ACTIVITY:
Wherever "White" shows up in the records below, copy the whole line.

── EXERCISE MATERIAL

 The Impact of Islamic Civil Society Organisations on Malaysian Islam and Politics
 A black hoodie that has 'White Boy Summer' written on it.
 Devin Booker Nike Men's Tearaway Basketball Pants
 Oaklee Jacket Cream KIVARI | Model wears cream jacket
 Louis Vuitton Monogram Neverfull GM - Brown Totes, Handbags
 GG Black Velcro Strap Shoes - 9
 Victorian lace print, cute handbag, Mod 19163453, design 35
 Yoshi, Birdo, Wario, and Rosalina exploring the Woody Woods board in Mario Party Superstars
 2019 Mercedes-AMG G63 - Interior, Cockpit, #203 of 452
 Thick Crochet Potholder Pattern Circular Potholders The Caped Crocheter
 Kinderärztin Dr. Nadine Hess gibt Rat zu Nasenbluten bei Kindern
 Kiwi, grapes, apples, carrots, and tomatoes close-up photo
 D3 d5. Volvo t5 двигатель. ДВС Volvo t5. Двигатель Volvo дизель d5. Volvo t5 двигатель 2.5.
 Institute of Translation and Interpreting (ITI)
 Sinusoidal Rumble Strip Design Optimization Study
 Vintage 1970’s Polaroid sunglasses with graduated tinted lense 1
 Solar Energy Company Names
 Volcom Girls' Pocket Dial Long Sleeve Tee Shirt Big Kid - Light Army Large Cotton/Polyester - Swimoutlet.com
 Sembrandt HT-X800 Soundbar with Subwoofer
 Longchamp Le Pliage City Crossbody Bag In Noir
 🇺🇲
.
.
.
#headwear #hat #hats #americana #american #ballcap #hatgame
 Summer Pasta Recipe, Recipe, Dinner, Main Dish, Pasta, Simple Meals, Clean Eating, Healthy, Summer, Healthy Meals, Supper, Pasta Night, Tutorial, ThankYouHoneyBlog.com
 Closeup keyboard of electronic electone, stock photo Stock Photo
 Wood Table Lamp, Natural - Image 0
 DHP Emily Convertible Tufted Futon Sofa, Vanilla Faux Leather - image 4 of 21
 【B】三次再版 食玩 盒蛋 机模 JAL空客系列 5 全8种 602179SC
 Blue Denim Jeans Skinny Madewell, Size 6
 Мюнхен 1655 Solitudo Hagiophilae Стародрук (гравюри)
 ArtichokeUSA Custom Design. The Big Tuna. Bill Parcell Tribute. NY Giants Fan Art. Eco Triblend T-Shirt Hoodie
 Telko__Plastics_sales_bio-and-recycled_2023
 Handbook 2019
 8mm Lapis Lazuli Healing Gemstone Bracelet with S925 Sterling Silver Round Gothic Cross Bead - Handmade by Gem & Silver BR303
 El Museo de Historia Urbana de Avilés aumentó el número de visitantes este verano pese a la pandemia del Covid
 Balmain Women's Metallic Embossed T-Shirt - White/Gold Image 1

────

ANSWER:
 A black hoodie that has 'White Boy Summer' written on it.
 Balmain Women's Metallic Embossed T-Shirt - White/Gold Image 1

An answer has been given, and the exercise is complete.